4 Plant the pennisetum
These two pennisetums share the same intolerance to cold, wet conditions. Plant container-grown specimens from early June when the ground is warm and there’s no risk of frost, adding extra grit as well as compost. ‘Karley Rose’ is all grace with its wiry arching leaves and feathery cream plumes. It’s the hardier of the two and it’s worth leaving plants at the end of the season with top growth untouched and a dry protective mulch to see if they survive the winter. Don’t be too quick to give up on plants in spring as they’re slow into growth. ‘Hameln’ is a more robust cultivar. P. advena ‘Rubrum’ has broader leaves and a more sultry tropical appearance. Sadly, it isn’t hardy in the UK so treat as a centrepiece bedding plant, or lift plants and overwinter in a frost-free greenhouse or conservatory before they’re hit by the first frosts. Keep on the dry side then split and pot up into fresh compost once growth begins in spring.
MAKE THE DISPLAY LAST
WINTER: MISCANTHUS SINENSIS ‘KLEINE FONTÄNE’
Upright fountains of foliage and pink feathery flowers that bleach into winter, giving strong structural presence. H&S: 1.5m.

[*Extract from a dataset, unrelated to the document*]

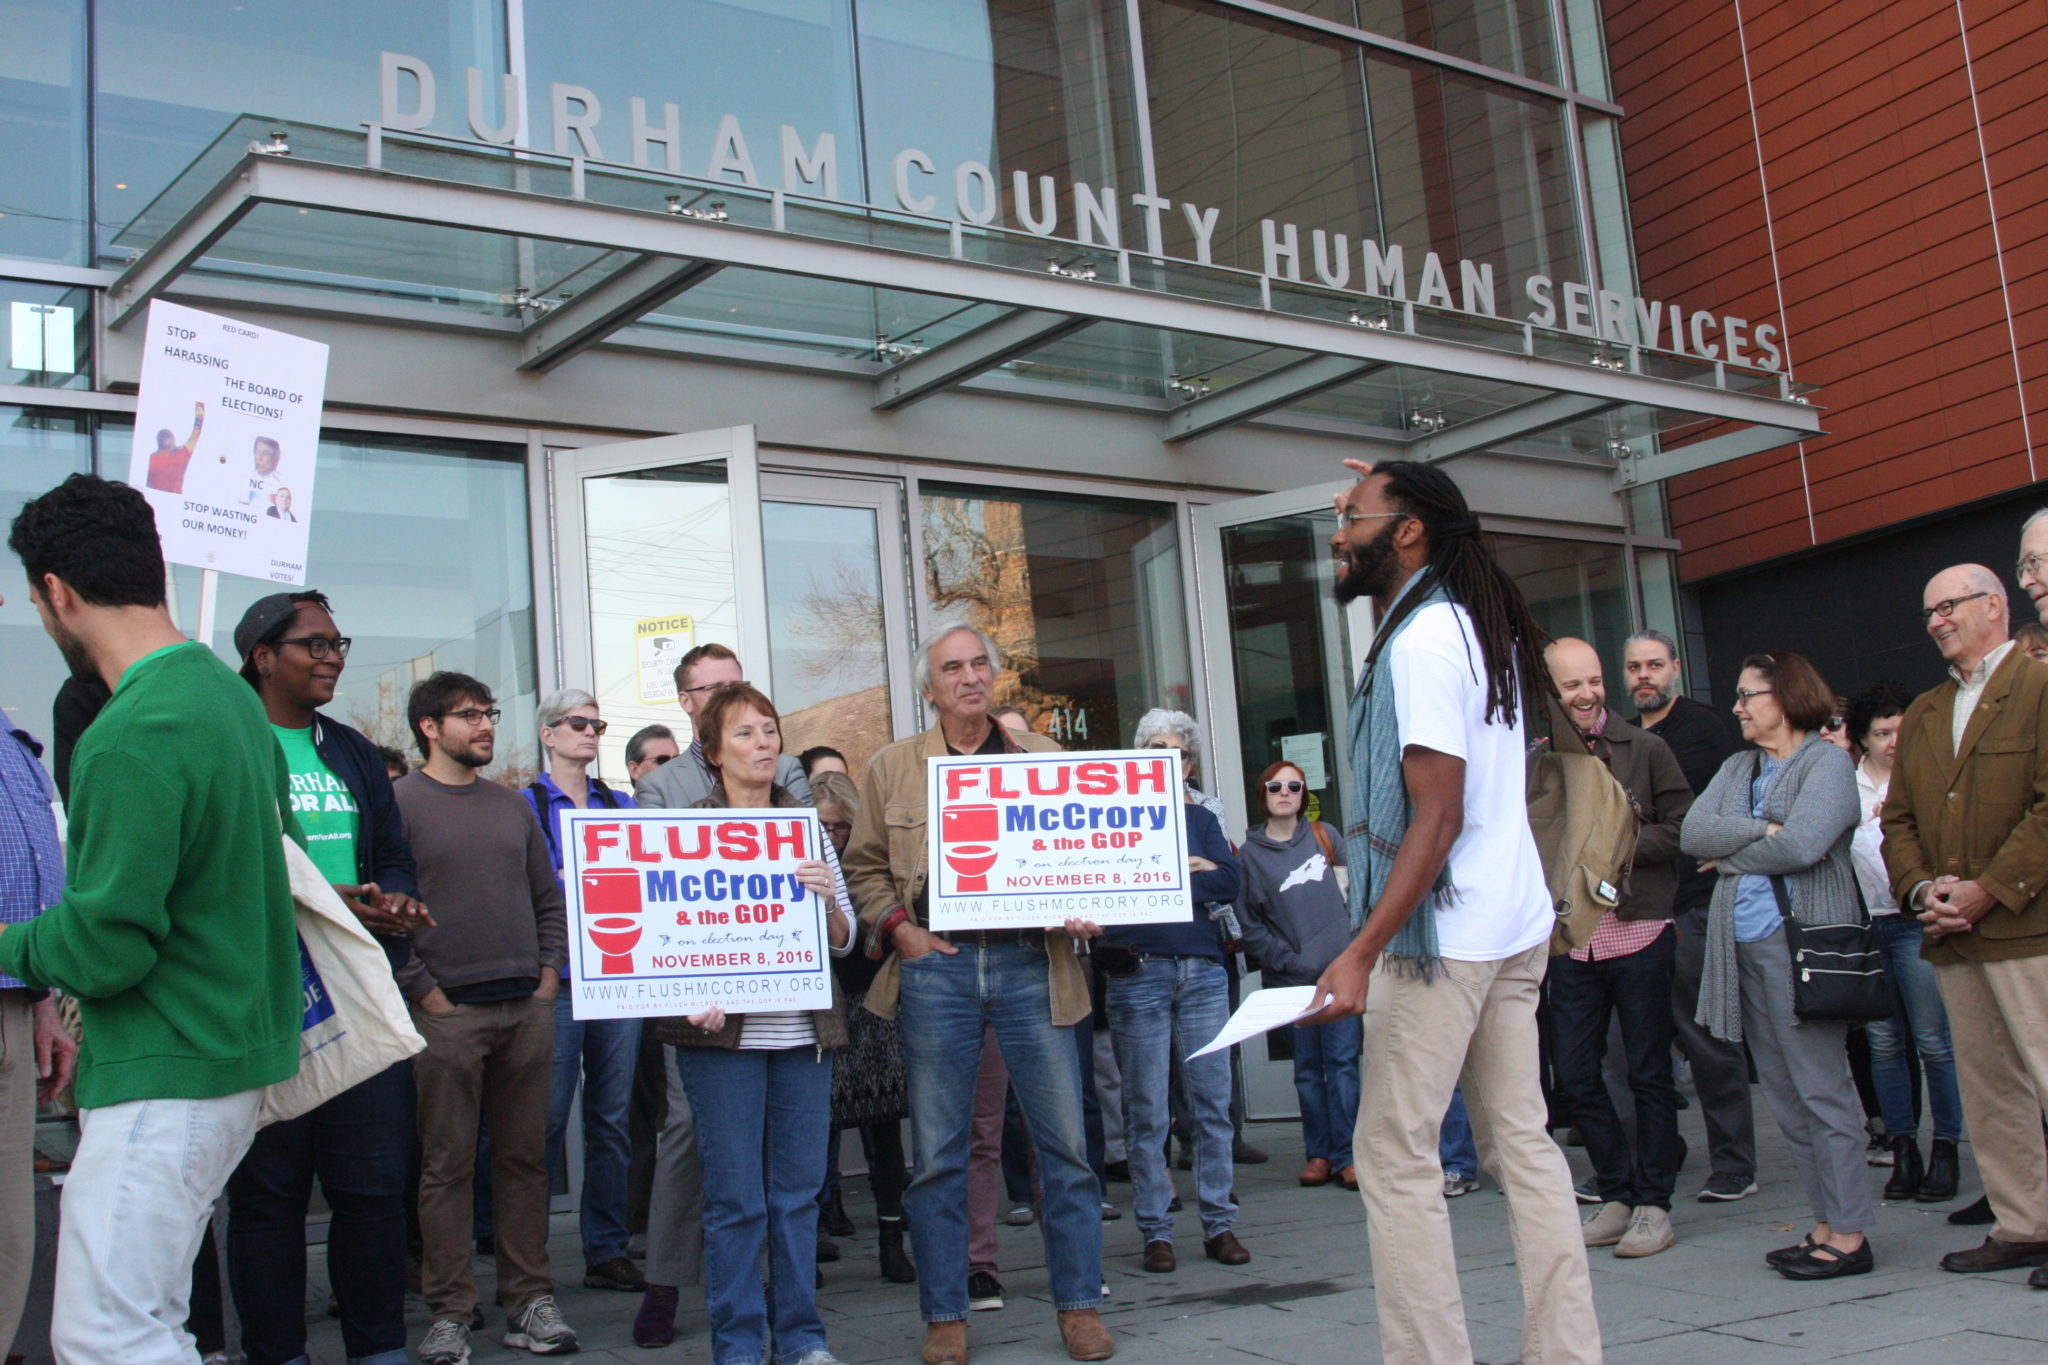 Durham in Defiance, a group opposing the election of President-elect Donald Trump, organized a demonstration Friday morning outside the Durham County Board of Elections hearing. (CJ photo by Dan Way)

SPRING: EUPHORBIA EPITHYMOIDES ‘MAJOR’
Mound-forming perennial with lime-green flowers April to July, earning it the nickname of cushion spurge. H&S: 60cm.
SUMMER: CANNA ‘DURBAN’
Impressive paddle-shaped leaves striped in pink, orange and purple and striking, tall, orange flowers. H: 1.5m, S: 60cm.
AUTUMN: RICINUS COMMUNIS ‘IMPALA’
Large palmate purple-red foliage and red seedpods on fast-growing tender shrub, treated as an annual. Highly toxic. H&S: 1.5m.